Всерьез надеяться на успех «рыночных реформ» 1990-х можно было только теоретически. Инклюзивная система управления, предполагающая подконтрольность власти и подчинение ее общему для всех закону, не возникает сверху, по воле правителя. Если оставить в стороне реформы, проведенные в результате насильственной оккупации, как это было, скажем, в послевоенной Германии и Японии, то можно утверждать, что либеральная демократия никогда не устанавливалась в результате обдуманных уступок благонамеренного правителя. Она, как мы видели раньше, является результатом конфликтов и торга между разными группами в обществе[302].

 

Правоохранение без права

 

У российского общества особые отношения с правоохранительными службами. Да, они давно уже нам не «начальники», а мы давно уже – граждане без кавычек, мы должны быть равны перед законом, нам конституцией обещано право на справедливый суд, но практика эти обещания опровергает. Наследие чрезвычайного подхода к правосудию, наследие «социалистической законности», для которого государственная целесообразность была важнее прав граждан, сказывается до сих пор.

Конечно, правоохранительная система в наше время вполне способна выполнять многие предписанные ей функции, но она не является автономным институтом. Не является, потому что с ее помощью решают свои проблемы и власти, и частные игроки. Управляемые приговоры и бесчисленные случаи использования права, особенно уголовного, для устранения соперников в бизнесе и приобретения имущества доказывают это слишком красноречиво.

Почему наша правоохранительная сфера – такая? Российская судебная система, несовершенная, но развивавшаяся благодаря реформам Александра II, была ликвидирована большевиками. По декрету «О суде» от 22 ноября (5 декабря) 1917 года прежние суды были заменены трибуналами и народными судами. При решении вопроса о виновности и правомерности действий они руководствовались законами «лишь постольку, поскольку таковые не отменены революцией и не противоречат революционной совести и революционному правосознанию». Отмененными считались законы, противоречащие декретам и программам социал-демократов и эсеров. Адвокатура, судебное следствие и прокурорский надзор были отменены, а полиция разогнана еще Временным правительством[303].

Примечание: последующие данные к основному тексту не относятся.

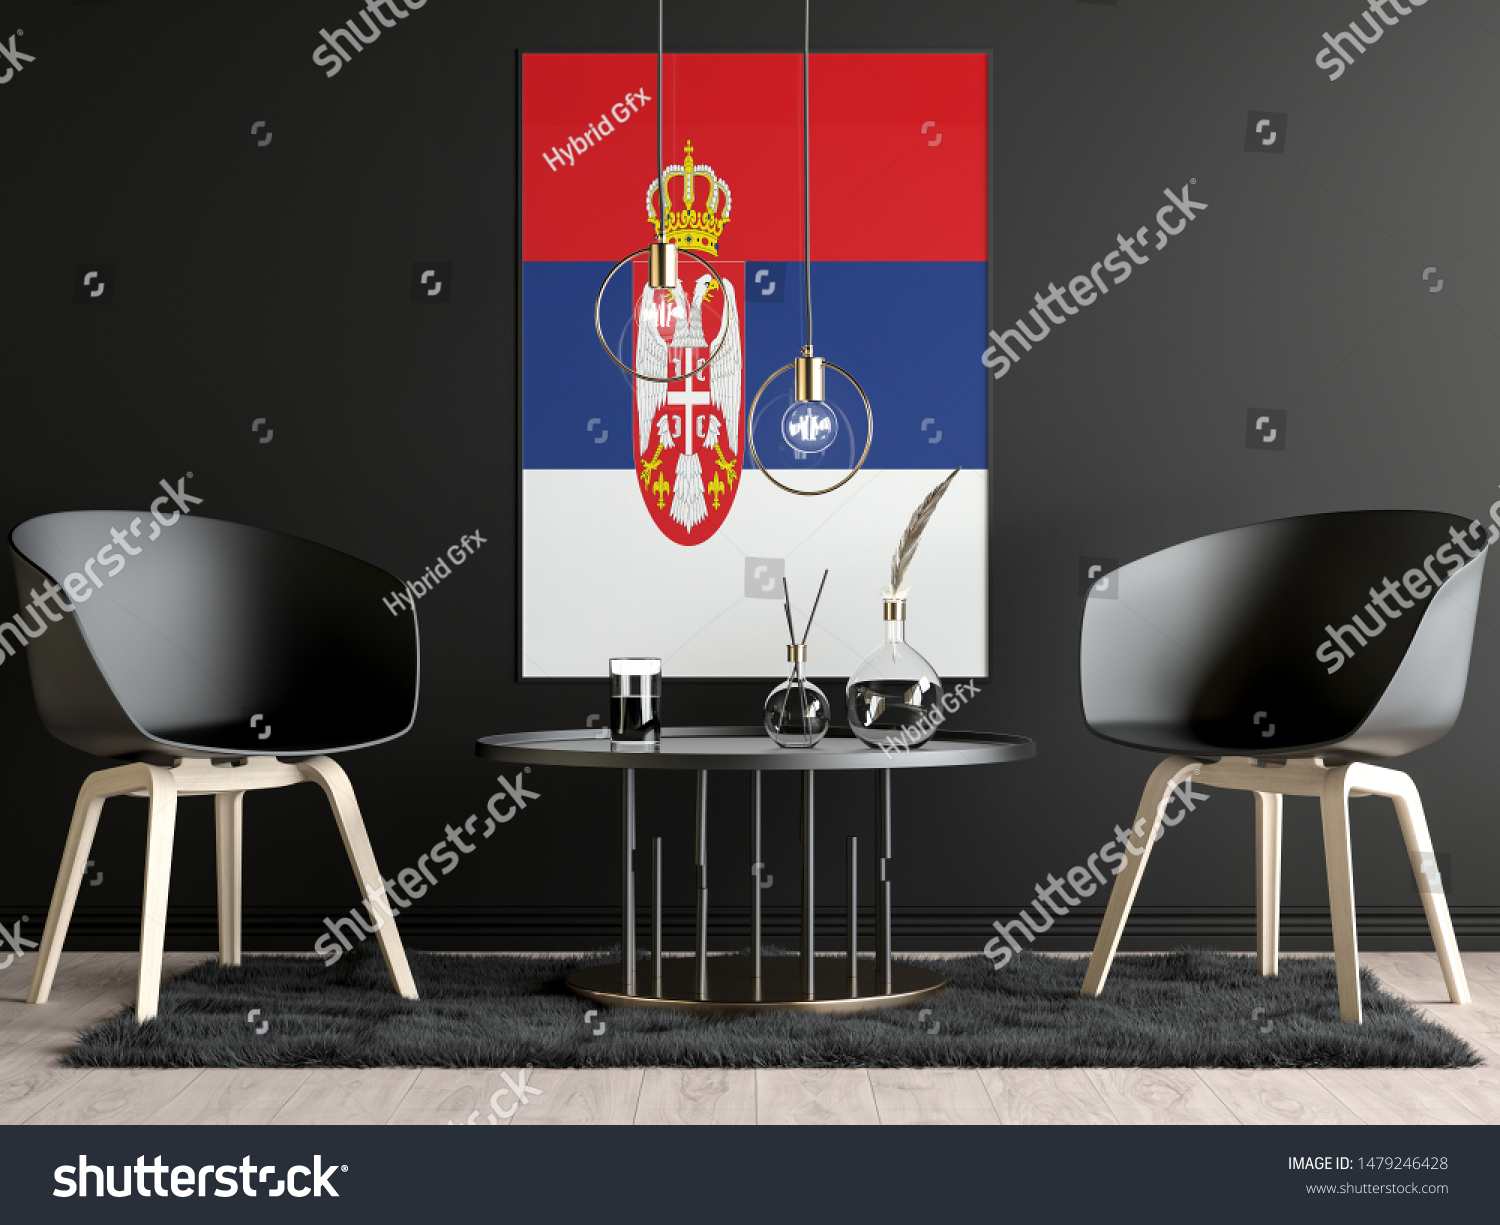 Serbia Flag in Room, Serbia Flag in Photo Frame #1479246428

Однако советские спецслужбы требовали полномочий арестовывать и казнить людей, заподозренных в причастности к контрреволюции, без соблюдения «формальностей». Зампред Всероссийской чрезвычайной комиссии по борьбе с контрреволюцией и саботажем (ВЧК) Мартин Лацис говорил в 1919 году: «ЧК – это не суд, это – боевой орган партии. Она уничтожает без суда или изолирует от общества, заключая в концлагерь. Что слово – то закон»[304].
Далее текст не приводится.